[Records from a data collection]

*** Block opens ***

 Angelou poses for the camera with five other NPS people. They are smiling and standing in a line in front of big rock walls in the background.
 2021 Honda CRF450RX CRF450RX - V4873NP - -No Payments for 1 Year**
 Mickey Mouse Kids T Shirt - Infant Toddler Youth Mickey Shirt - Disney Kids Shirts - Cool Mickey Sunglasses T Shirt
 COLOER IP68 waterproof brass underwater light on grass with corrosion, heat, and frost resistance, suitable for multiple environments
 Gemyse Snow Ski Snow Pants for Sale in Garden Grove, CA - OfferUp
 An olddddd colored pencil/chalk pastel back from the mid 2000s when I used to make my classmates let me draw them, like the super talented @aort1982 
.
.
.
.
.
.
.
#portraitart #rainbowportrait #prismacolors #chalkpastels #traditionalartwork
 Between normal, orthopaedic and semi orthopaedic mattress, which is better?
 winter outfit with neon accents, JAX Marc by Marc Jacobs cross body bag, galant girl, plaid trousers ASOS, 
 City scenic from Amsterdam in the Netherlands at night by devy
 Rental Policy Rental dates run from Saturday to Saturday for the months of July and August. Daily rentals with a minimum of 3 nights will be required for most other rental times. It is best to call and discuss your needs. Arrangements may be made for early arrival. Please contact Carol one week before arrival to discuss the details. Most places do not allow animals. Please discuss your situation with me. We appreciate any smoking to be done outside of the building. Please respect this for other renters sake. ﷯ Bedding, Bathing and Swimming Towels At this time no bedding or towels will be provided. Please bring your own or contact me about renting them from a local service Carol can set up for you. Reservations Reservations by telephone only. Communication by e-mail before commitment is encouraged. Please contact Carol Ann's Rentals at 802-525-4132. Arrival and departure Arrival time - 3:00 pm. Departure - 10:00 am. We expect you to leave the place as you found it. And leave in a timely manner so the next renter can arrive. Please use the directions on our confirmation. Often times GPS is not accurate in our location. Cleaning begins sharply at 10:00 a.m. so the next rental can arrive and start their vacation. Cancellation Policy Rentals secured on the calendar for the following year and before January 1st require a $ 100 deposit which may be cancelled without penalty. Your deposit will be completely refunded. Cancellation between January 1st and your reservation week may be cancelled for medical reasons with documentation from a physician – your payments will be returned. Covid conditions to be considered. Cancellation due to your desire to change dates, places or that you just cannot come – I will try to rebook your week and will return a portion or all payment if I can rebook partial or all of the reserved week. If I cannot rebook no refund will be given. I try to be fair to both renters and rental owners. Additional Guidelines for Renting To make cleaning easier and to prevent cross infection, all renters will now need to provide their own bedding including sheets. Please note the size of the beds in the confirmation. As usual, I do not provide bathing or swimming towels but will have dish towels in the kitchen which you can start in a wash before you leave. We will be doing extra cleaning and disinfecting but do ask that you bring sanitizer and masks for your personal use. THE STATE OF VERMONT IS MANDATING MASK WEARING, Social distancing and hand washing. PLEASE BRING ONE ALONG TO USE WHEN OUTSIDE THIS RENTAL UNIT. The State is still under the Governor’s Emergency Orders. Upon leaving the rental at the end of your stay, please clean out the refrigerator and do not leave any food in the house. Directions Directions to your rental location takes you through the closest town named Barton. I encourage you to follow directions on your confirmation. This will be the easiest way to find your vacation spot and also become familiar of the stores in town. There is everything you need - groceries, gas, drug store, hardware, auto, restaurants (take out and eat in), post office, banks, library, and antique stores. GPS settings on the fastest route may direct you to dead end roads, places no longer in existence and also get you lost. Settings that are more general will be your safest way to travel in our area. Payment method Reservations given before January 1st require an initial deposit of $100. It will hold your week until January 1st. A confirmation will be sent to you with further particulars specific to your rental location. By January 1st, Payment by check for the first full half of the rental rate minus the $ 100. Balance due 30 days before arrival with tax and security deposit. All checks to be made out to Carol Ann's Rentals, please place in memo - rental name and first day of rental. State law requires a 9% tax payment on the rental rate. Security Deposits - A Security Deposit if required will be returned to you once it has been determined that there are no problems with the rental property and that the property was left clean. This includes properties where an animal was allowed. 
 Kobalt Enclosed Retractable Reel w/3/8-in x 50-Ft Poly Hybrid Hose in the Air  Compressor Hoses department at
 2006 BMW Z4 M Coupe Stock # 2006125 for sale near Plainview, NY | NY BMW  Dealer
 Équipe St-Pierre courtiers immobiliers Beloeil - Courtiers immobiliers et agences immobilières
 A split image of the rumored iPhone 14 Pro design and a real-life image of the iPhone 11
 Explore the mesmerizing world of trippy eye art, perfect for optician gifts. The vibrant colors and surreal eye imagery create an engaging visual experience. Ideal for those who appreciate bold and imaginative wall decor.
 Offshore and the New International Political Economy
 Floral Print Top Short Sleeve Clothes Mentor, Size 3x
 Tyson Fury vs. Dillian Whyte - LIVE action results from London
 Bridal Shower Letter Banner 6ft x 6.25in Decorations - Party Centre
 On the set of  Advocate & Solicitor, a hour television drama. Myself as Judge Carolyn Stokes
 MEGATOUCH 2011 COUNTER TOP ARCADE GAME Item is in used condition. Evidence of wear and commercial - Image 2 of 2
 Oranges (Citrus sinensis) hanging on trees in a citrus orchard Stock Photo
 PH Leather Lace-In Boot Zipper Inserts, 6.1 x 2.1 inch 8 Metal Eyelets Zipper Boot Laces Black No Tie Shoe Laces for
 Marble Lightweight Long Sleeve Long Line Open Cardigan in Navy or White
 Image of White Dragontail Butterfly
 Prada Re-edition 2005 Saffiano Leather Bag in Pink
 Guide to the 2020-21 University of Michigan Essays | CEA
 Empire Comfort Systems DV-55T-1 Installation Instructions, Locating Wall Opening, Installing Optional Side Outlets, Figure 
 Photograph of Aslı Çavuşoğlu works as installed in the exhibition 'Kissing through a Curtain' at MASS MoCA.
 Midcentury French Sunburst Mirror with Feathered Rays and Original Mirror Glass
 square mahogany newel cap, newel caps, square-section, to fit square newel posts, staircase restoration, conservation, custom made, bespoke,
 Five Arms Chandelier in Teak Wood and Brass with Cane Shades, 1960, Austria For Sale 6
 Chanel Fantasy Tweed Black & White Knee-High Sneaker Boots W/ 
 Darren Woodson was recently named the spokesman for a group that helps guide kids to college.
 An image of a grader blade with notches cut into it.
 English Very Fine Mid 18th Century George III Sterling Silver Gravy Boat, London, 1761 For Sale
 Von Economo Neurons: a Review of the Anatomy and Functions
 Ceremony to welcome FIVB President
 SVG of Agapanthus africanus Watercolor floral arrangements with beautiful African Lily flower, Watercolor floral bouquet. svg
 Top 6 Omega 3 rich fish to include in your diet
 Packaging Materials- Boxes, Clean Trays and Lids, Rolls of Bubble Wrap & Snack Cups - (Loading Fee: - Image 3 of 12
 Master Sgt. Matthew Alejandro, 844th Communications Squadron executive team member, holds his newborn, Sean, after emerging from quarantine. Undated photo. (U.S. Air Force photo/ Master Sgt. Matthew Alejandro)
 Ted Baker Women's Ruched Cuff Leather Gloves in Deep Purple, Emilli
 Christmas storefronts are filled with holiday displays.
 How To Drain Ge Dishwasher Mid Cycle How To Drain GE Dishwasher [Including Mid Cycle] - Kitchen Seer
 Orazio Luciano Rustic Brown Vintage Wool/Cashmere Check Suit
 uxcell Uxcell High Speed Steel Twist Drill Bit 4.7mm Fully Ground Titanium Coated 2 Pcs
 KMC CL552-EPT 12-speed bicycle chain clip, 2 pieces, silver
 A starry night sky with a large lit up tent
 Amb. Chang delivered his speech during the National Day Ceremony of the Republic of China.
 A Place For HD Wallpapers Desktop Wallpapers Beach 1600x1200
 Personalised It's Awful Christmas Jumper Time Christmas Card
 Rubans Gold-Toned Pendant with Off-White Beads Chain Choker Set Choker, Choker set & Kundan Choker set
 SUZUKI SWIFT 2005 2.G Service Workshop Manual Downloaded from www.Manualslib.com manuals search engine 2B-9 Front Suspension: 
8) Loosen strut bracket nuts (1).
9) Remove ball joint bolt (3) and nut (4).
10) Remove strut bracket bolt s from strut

*** Block closes ***

TASK DESCRIPTION –
What lines in the entries above hold "bolt"? Copy every one.

SOLVED PROBLEM –
9) Remove ball joint bolt (3) and nut (4).
10) Remove strut bracket bolt s from strut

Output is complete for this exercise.